I met Andy McNab in Birmingham yesterday. At least I hope I did. I went into this bar and started chatting to the first balaclava-ed man I saw. It was him, wasn’t it? With all other writers, if I don’t know them, I google them to make sure I can recognise them. Doesn’t work with Andy. Not that he’s called Andy, anyway. This one tried to suggest he’d be Terry Pratchett today, but you know me. I know my Terry Pratchetts well, and it wasn’t him. He tried it with the wrong witch.
Andy’s lovely publicist Sally had suggested that I might want to interview him. And I did, seeing as I missed him at the local bookshop three years ago, due to someone’s unfortunate lack of understanding my likes and dislikes. The Daughter got to meet him then, so she didn’t need to come this time. Especially since the services of a photographer wasn’t top of my list for Monday’s outing.
The witch had tea and this man in the bar had coke. Whoever he was, we had a nice conversation. He looked rather like a Guardian reader, now that I come to think of it. That doesn’t mean we actually read the same newspaper. In case he wants to sue.
As some of you will want to know what Andy had to say, I’ll now work diligently at transcribing our conversation, and I will strive to make up a really good misquote, because he seemed to quite fancy being quoted wrongly, as long as it’s a good one.
And no, he didn’t really wear a balaclava. It would have attracted attention.”
Bookwitch posted the interview this week and it’s awesome. We’ll post a snippit but really you have to go read the entire interview!
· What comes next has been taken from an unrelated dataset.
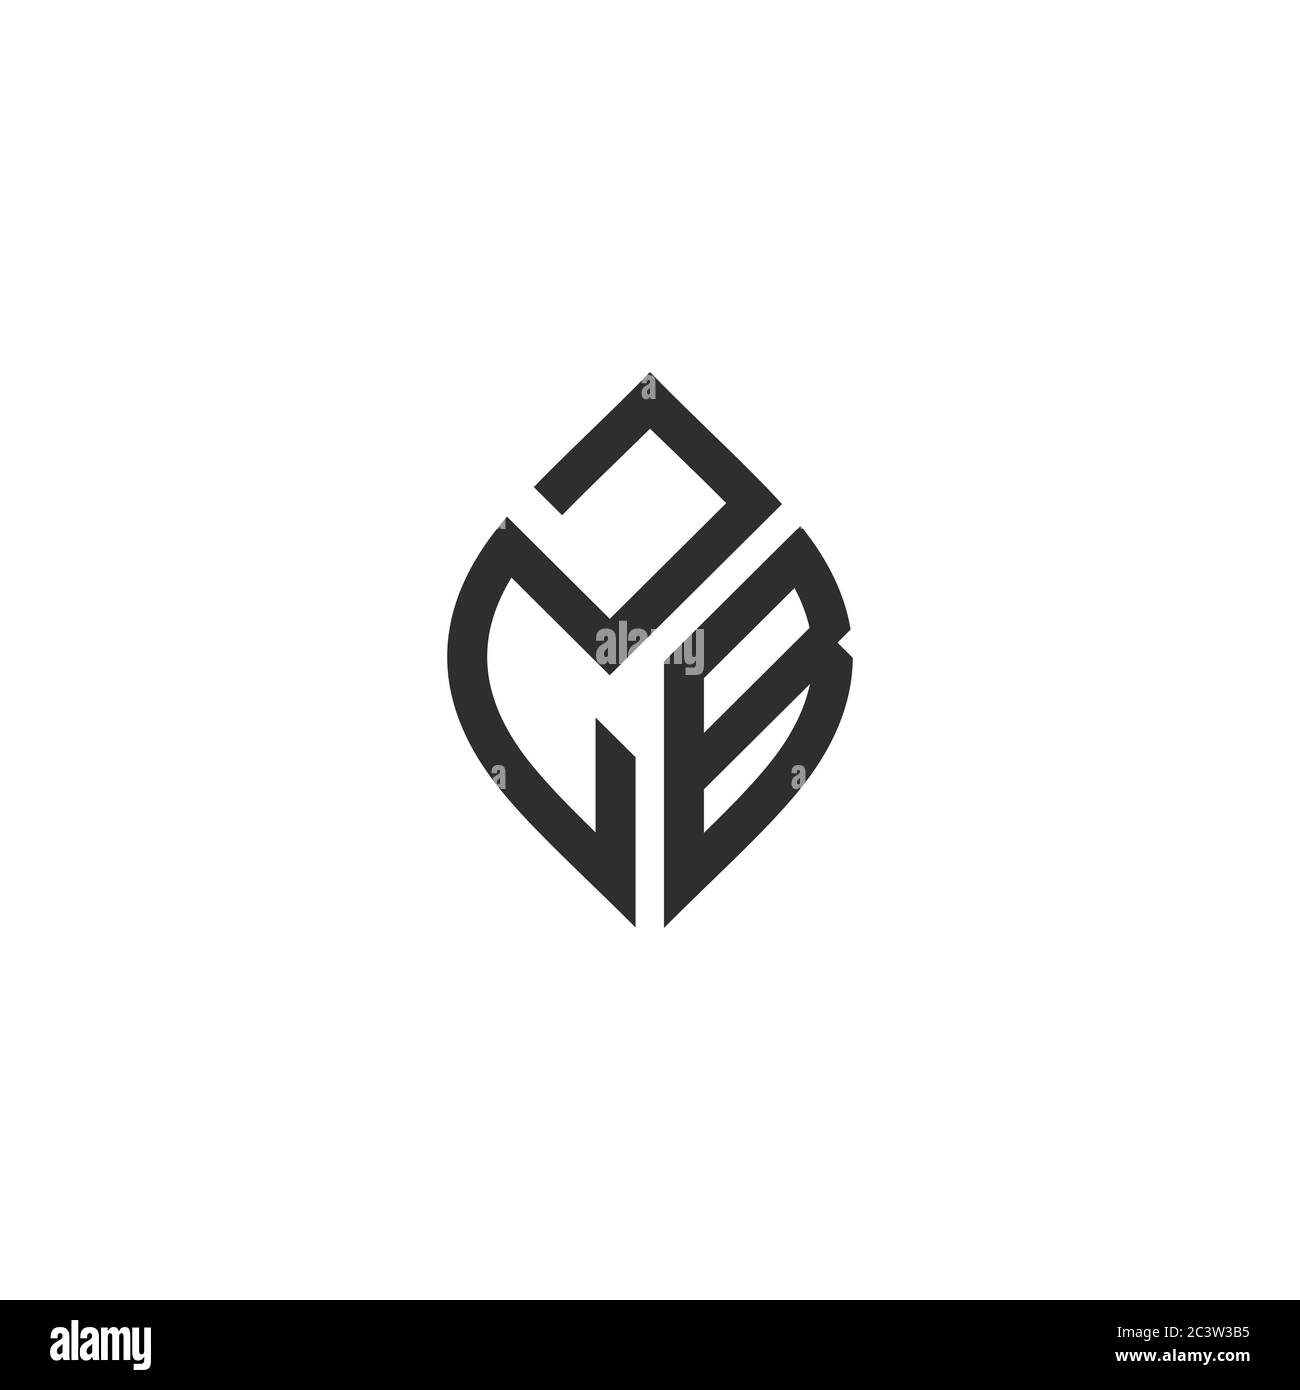 ZB Logo monogram isolated on circle element design template Stock Vector  Image & Art - Alamy

Andy McNab: “I say “look, if you wanna be in the X-Files, you’ve got to be talented. Get on with it. However, if you can’t read, you can’t read your contract. Contracts are like that (he holds up his finger and thumb to show how thick) and you’ve got to be able to read.”
The Andy McNab interview
March 23, 2010
Whether or not the man I interviewed in Birmingham the other week was an impostor, at least it was the same impostor as turned up in G2 a few days later. I’d recognise the man behind those cucumber slices anywhere! Also gather that my way of taking photos of Andy’s sleeve must have caught on, since it seems that some television channel or other did precisely that when Andy talked to the opposition leader. Please note that he met with me first. Everybody needs a sense of priority when they have a busy week.
So, read the interview, and see what sort of man and writer this former soldier is. His interest in getting boys educated is heartening. Enticing reluctant readers to open a book is another thing to admire Andy for. I remain to be convinced of the necessity for his anonymity, but it does make for a different kind of meeting. And he doesn’t take himself too seriously, which is nice.
Andy McNab – ‘I’ve met myself, you know’
He’s well preserved for fifty, this man who claims to be Andy McNab. Good looking and with very few grey hairs. He’s waiting for me in the bar at the top of the red-carpeted stairs at the Birmingham Malmaison. We appear to be in Birmingham’s former mail sorting office, which is quite appropriate for me, at least. Andy leads us to two black sofas by the window, where we can see the entrance to the upmarket shopping mall housed in the Mailbox, as it’s called.